Migration and the SPD’s Push for a Right to Stay for Working Refugees
The SPD parliamentary group has presented a clear programmatic paper that links migration policy to labour market needs. At its core is a call for a Bleiberecht, a right to stay, for all immigrants who obey German laws and who are employed or in vocational training. The proposal frames integration through work and apprenticeships as the most reliable protection against deportation and as a tool to stabilize essential sectors.
Who would be covered?
- People legally working in Germany, including full-time employees and part-time workers.
- Trainees and apprentices enrolled in recognised vocational programs.
- Those who comply with laws, show good integration and participate in society.
This approach highlights working refugees and immigrants in jobs such as care, skilled trades and transport as vital to addressing the growing skilled labour shortage. The SPD argues that it would be counterproductive and absurd to deport people who already fill important roles in the economy, especially while businesses report staff gaps in these professions.
How this contrasts with the CSU approach
The SPD stance clearly contrasts with the CSU position within the governing coalition, which is pushing for a harsher deportation strategy described as an Abschiebeoffensive. The CSU discourse emphasises stricter returns and symbolic measures such as scheduled flights to countries like Syria, arguing that some protection grounds no longer apply. This sets up a direct policy battle between a labour-market driven Bleiberecht and a security-focused return policy.
Tax Proposals: Higher Taxes for Millionaire Heirs and a Fairer Inheritance Tax
Alongside migration policy, the SPD paper advances a social justice narrative that combines relief for small and medium incomes with higher burdens for the wealthiest. The group aims to finance planned income tax relief for lower and middle earners by increasing taxes on very high incomes and by reforming the inheritance tax to target very large estates and millionaire heirs.
Targets and rationale
- Strengthen the inheritance tax so that very large inheritances and substantial intergenerational transfers face higher rates.

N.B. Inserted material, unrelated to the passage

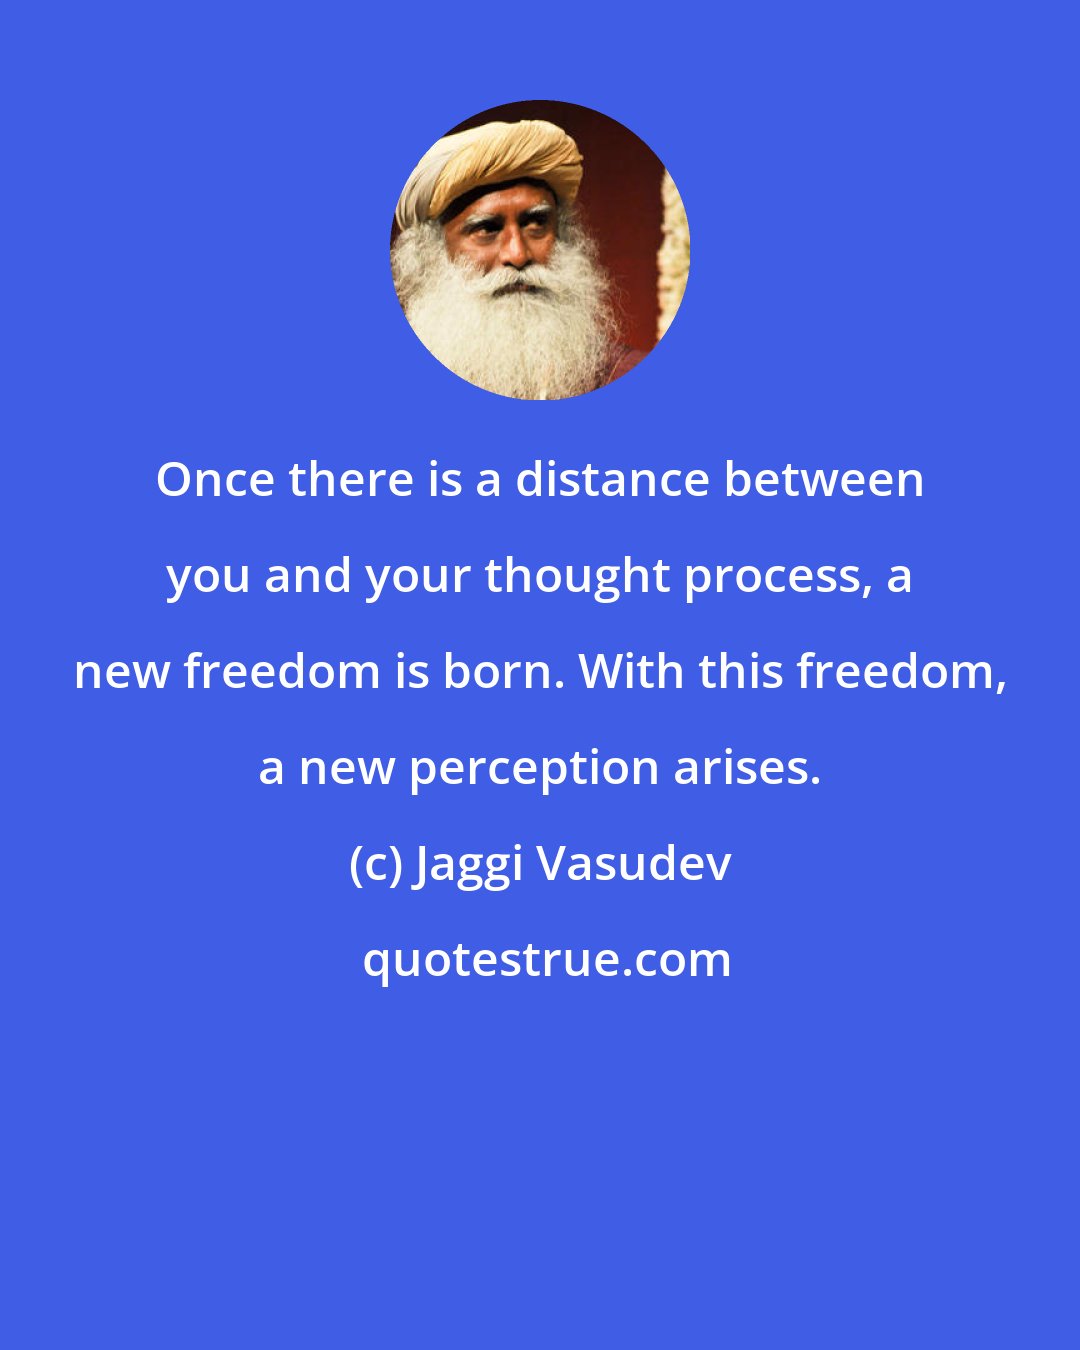 Jaggi Vasudev: Once there is a distance between you and your thought process, a new freedom is born. With this freedom, a new perception arises.

- Preserve meaningful tax-free allowances for ordinary family inheritances and a high personal exemption for typical household transfers.
- Use additional revenue from higher taxes on the wealthiest to partly fund tax relief for small and medium incomes from 2026.
The SPD argues this is a question of fairness: currently the relative tax burden often decreases as the size of an inheritance grows. Data referenced in the debate show that estates over 20 million euros can face an average inheritance tax of less than three percent, while inheritances between 100,000 and 200,000 euros face much higher average rates. The SPD points to increasing wealth concentration, where the richest ten percent hold over half of net wealth, to justify changes aimed at closing privileges that favour very large corporate and property transfers.
Introducing “Femizid”: A New Criminal Offense to Tackle Gender-Based Killings
The SPD paper also proposes a new, standalone criminal offence called Femizid to name and prosecute murders of women motivated by misogyny or gender. The proposal reflects the view that gender-based violence often begins with everyday discrimination, harassment and boundary violations and can escalate into the worst forms of violence. Creating a dedicated offence is intended to make the problem visible in law and to signal stronger legal and symbolic protection for women.
What the change aims to achieve
- Make gender-motivated killings legally recognisable and easier to prosecute as a distinct category.
- Raise public awareness about patterns of misogyny that lead to lethal violence.
- Improve prevention and victim protection by acknowledging the gendered root causes of some violent crimes.
By proposing Femizid, the SPD links a symbolic recognition of gender-based killings with practical demands for tougher enforcement, better data collection and stronger support systems for victims. The measure sits alongside broader commitments to equality, safety and feminist criminal law reform.
Political Context, Coalition Tension, and What Comes Next
The SPD package bundles migration, tax justice and feminist criminal reform into a single message of social cohesion under the slogan “Together is our strength”. While the SPD seeks to steer public policy toward labour-oriented integration and redistributive taxation, it faces firm opposition from the CSU and various business groups. The CSU rejects higher inheritance taxes as harmful to family-owned companies and supports tax relief for business and regionalisation instead, creating clear coalition tensions.
| Policy Area | SPD Position | CSU and Business Response |
|---|---|---|
| Migration / Bleiberecht | Right to stay for those who work or train and respect the law | Priority on stricter returns and more deportations, including targeted flights |
| Inheritance Tax | Higher taxes for very large inheritances, protect ordinary family transfers | Oppose increases; call for reductions and protections for family businesses |
| Gender-Based Violence | Create a distinct Femizid offence to acknowledge and punish gender-motivated killings | May welcome increased protection, but details and legal form will be debated |
Next steps include legislative drafting by the SPD after an expected constitutional court ruling on inheritance tax later in the year. The debates will play out in parliament and in public, with potential impacts on the labour market, social fairness, and coalition stability. For citizens, the proposals frame concrete choices: whether to secure skilled workers through integration and legal certainty, pursue more redistributive taxation to fund relief for lower incomes, and strengthen criminal law to better address gender-based violence.